> Work instructions: Only the lines below from the one that holds "Let B denote" through the one that holds "Free Image of Strings of an acoustic guitar" should appear in the answer, copied exactly, end lines included and pictures omitted.

> Material to process:
::::::

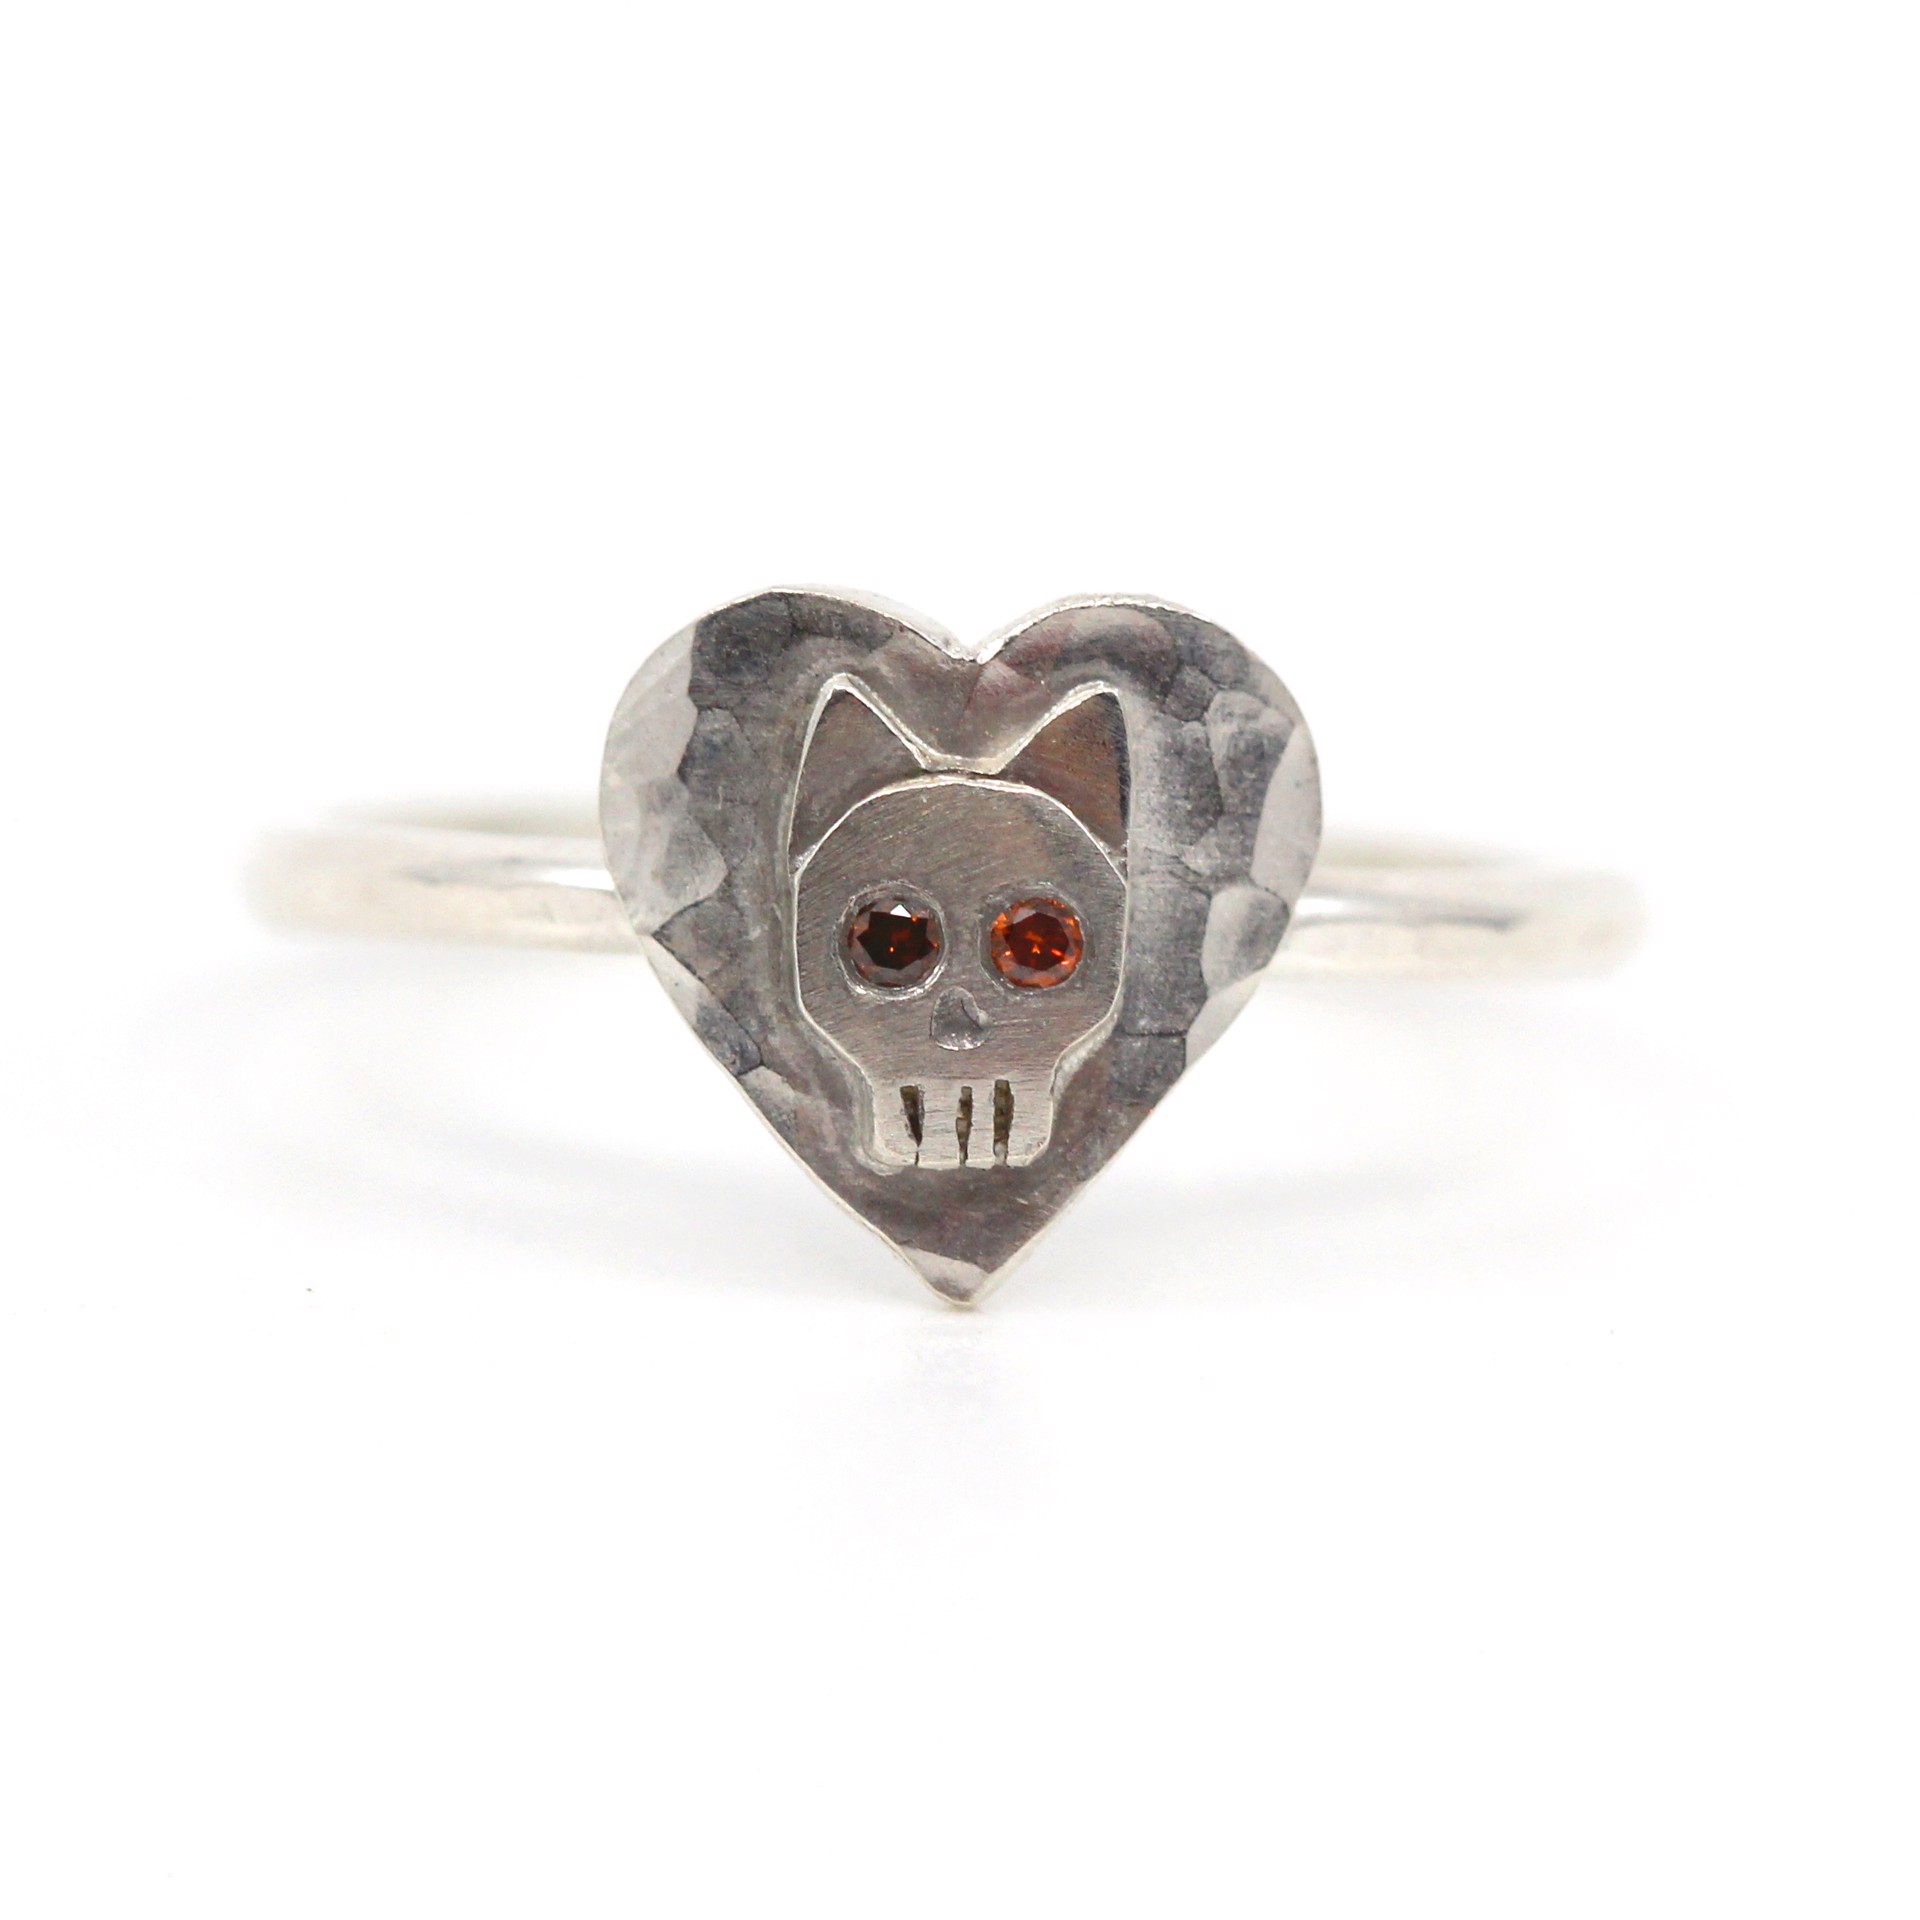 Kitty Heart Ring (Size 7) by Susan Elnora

::::::

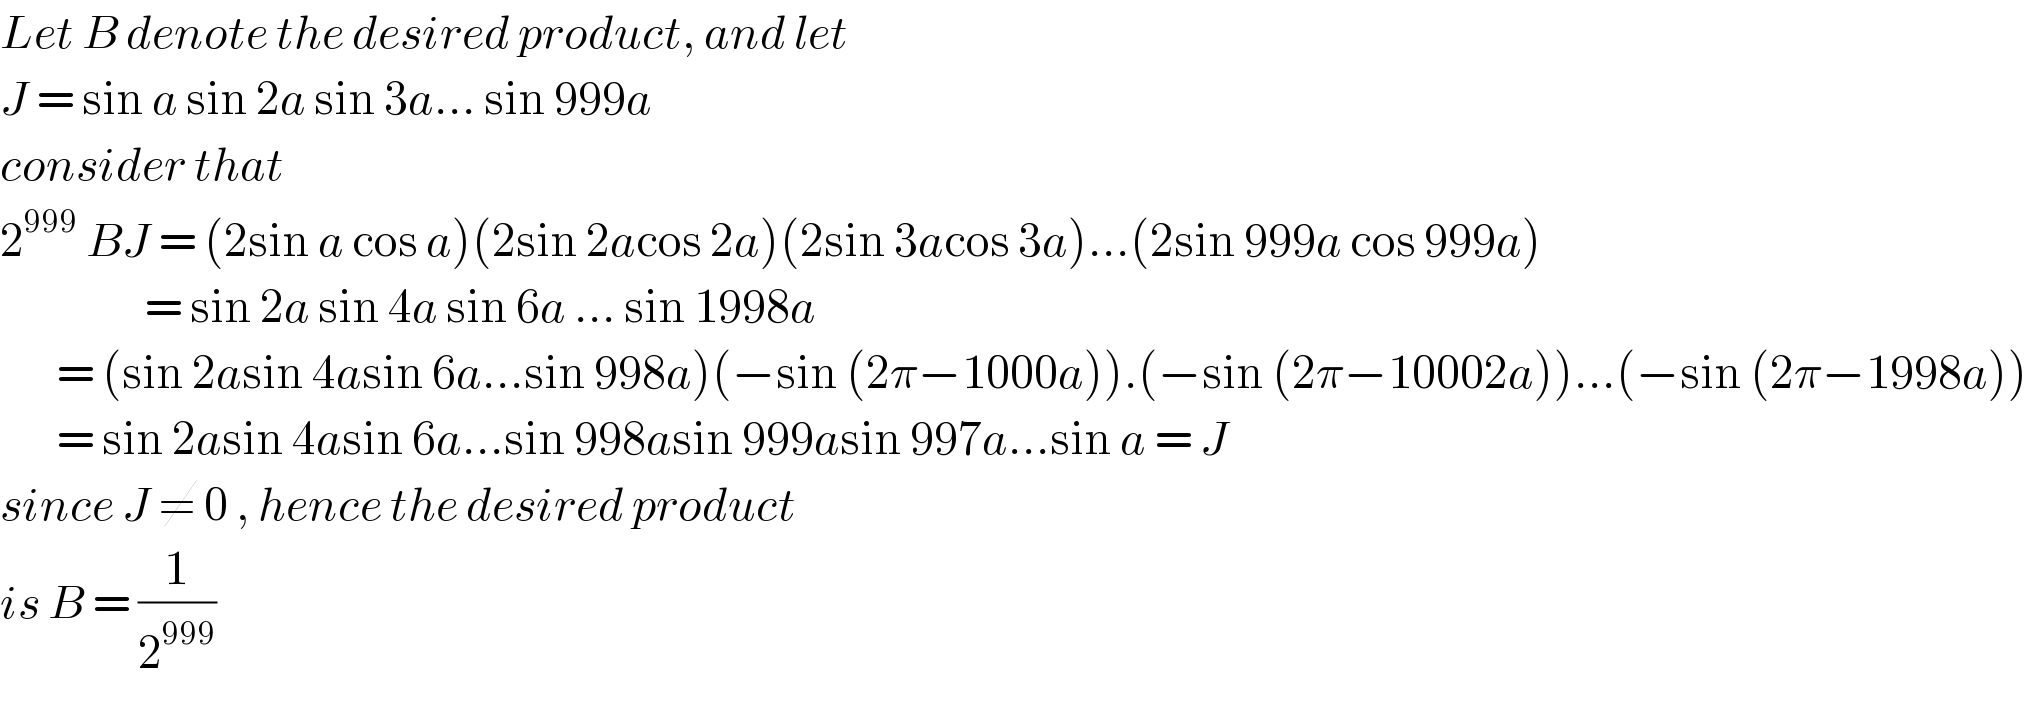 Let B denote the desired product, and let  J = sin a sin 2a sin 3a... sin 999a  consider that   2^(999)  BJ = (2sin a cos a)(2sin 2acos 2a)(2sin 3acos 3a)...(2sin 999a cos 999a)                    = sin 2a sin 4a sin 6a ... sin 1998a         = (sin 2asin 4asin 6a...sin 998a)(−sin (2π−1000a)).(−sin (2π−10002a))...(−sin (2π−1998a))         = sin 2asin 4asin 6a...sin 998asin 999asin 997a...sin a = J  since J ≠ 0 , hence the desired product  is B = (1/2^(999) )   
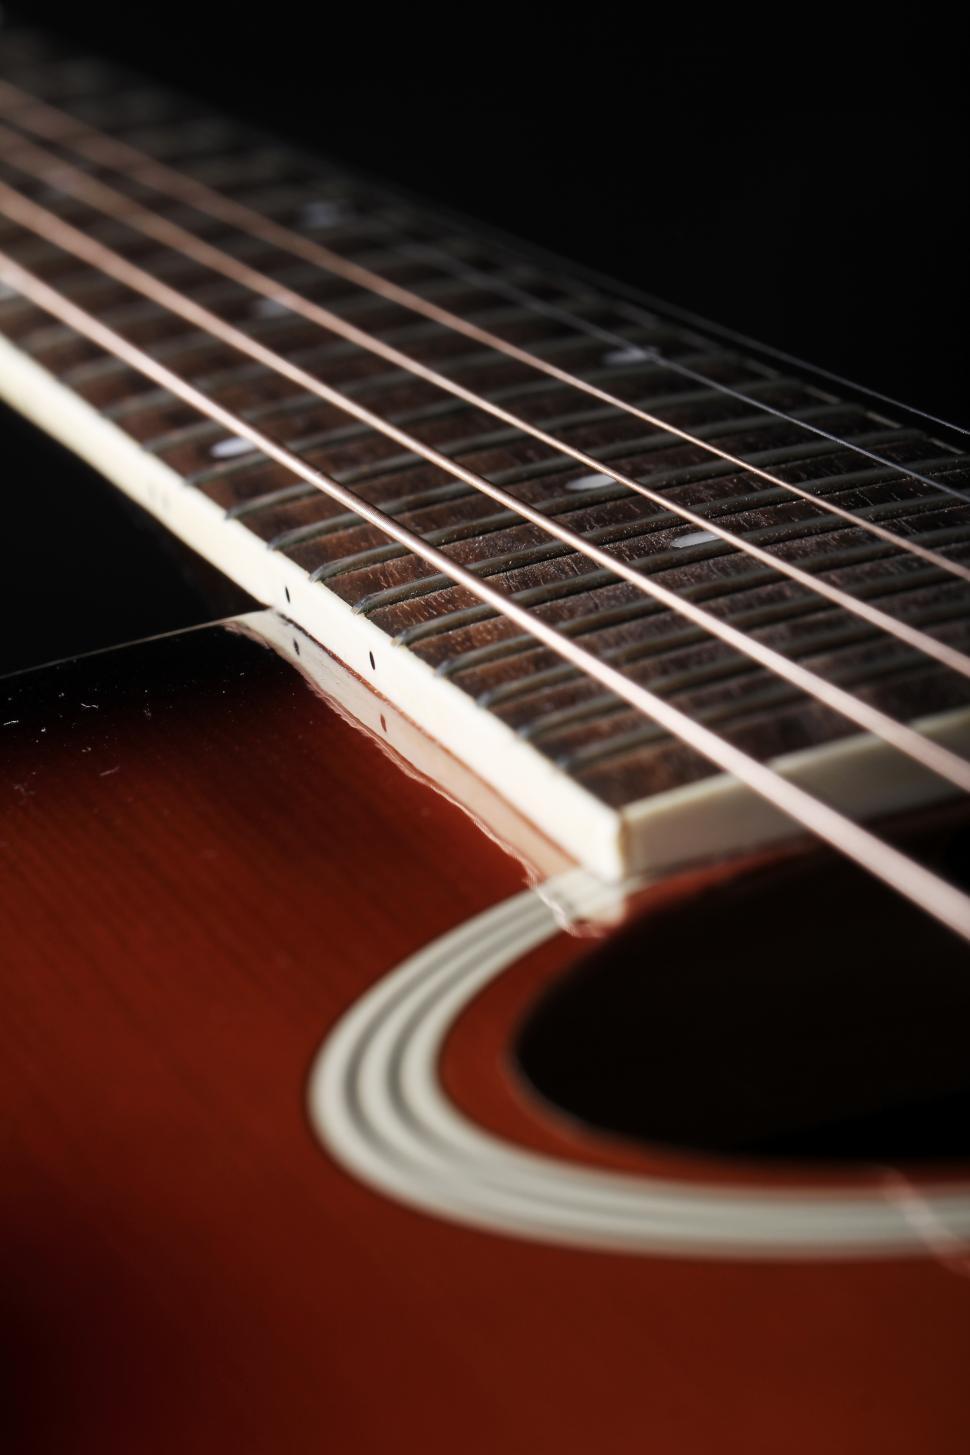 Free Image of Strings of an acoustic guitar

::::::

> Exercise solution:
 Let B denote the desired product, and let  J = sin a sin 2a sin 3a... sin 999a  consider that   2^(999)  BJ = (2sin a cos a)(2sin 2acos 2a)(2sin 3acos 3a)...(2sin 999a cos 999a)                    = sin 2a sin 4a sin 6a ... sin 1998a         = (sin 2asin 4asin 6a...sin 998a)(−sin (2π−1000a)).(−sin (2π−10002a))...(−sin (2π−1998a))         = sin 2asin 4asin 6a...sin 998asin 999asin 997a...sin a = J  since J ≠ 0 , hence the desired product  is B = (1/2^(999) )   
 Free Image of Strings of an acoustic guitar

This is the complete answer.